As is often the case, however, the scholarly habits that give rise to Griffiths’s small weaknesses also give rise to his great strengths. Some of his most striking insights emerge when he argues with Pascal, treating him like a respected interlocutor in a seminar that crosses the centuries. Pascal holds that Christianity supersedes Judaism, but Griffiths notes that God made a covenant with Israel and never revoked it. He therefore suggests  that “the halakhic lives of observant Jews” remain a proper Jewish response to the Lord’s call to Israel, and that Jewish “coming-to-Zion” and Christian “coming-to-Jesus-Christ” must be two “compatible promises, even if the texture of their compatibility isn’t yet evident.”

Pascal’s wrestling with the mystery of original sin brings him “very close to categorizing the fact of death generically, and every particular death specifically, as . . . intended by the Lord as healing punishment.” Griffiths holds that Christians need not believe any such thing, and that the “Lord has nothing, conceptually or causally, to do with” the many terrible deaths human beings inflict on one another, “other than, after death, to soothe and welcome those who suffer them.”  
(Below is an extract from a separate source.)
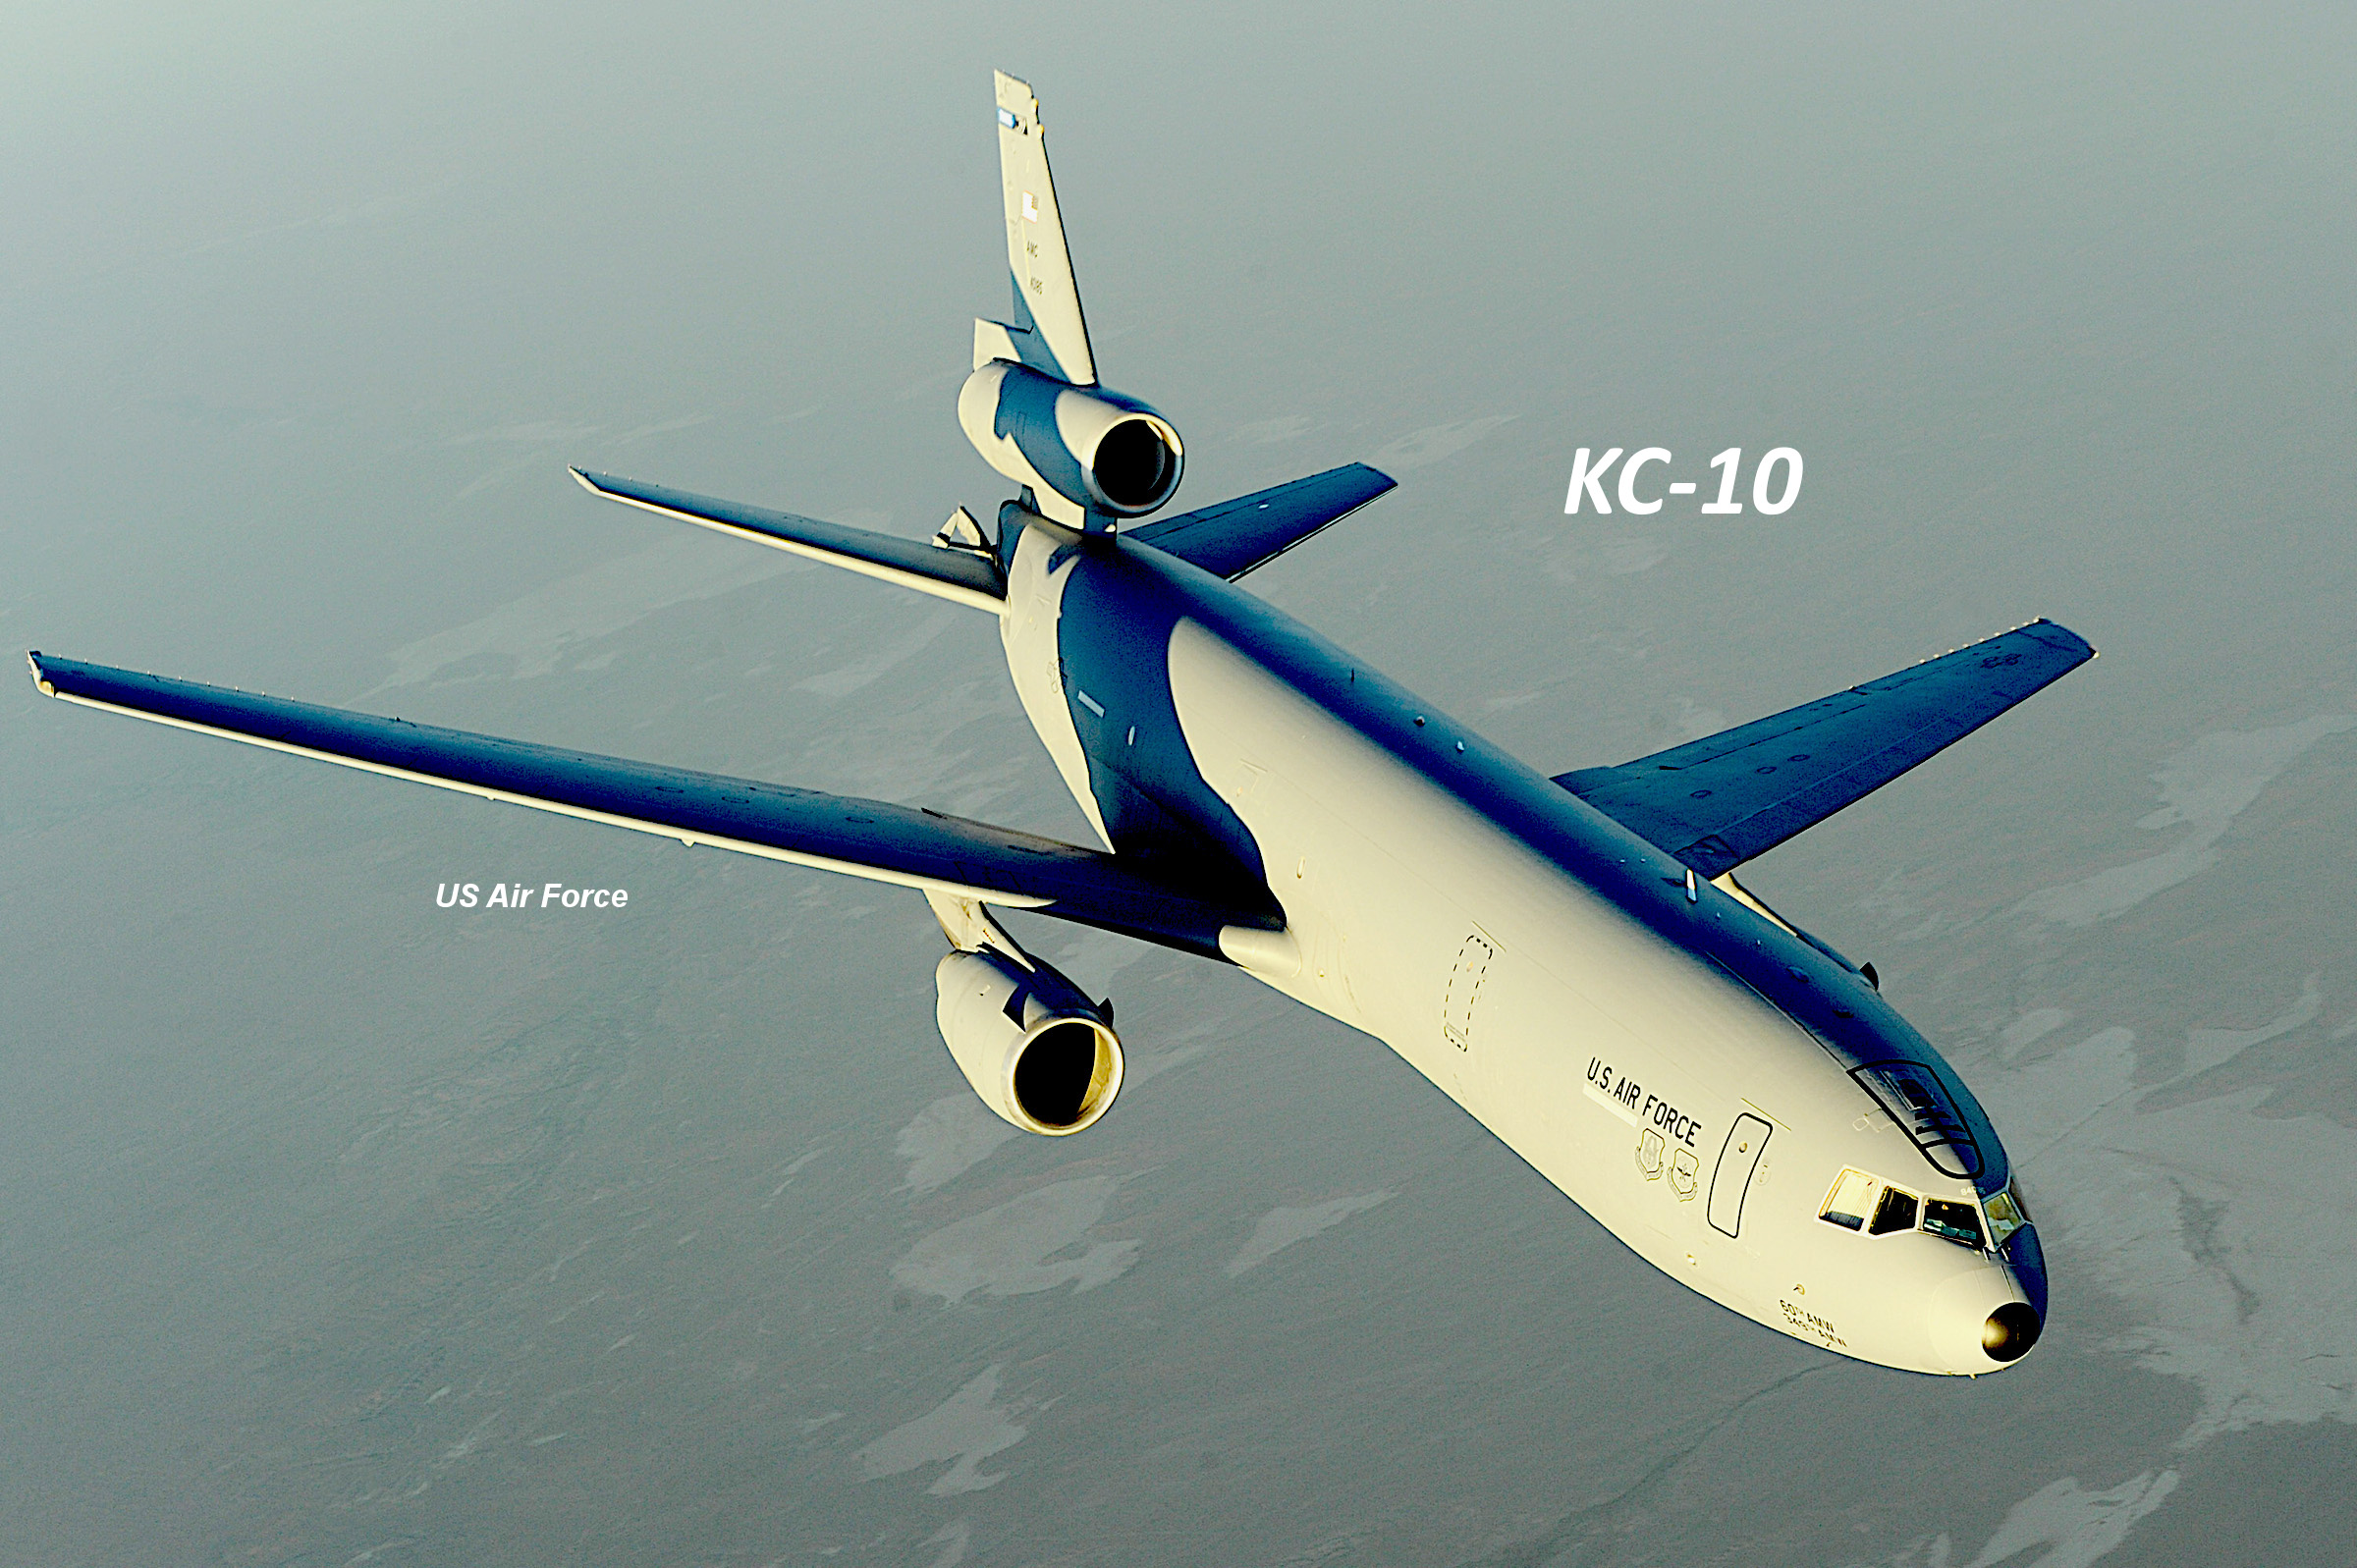 kc-10 wasi web1.JPG

Here, Griffiths follows Pascal into the deepest difficulties of the Christian way of thinking and comes up with ways through those impasses that can help us better discern the features of the God of the Christians. His book, like Pascal’s, shows why we should bother to seek to understand that God: for some, because he is our own fondest hope; for others, because he is the fondest hope of our neighbors; for still others, because we are quite without hope, and might find reasons to rediscover it welcome. Even those looking for nothing more than a good distraction might turn to Pascal and Paul Griffiths, for an examination of the human heart that is unfailingly absorbing. They might discover that the most effective diversions turn out not to be diversions, at all.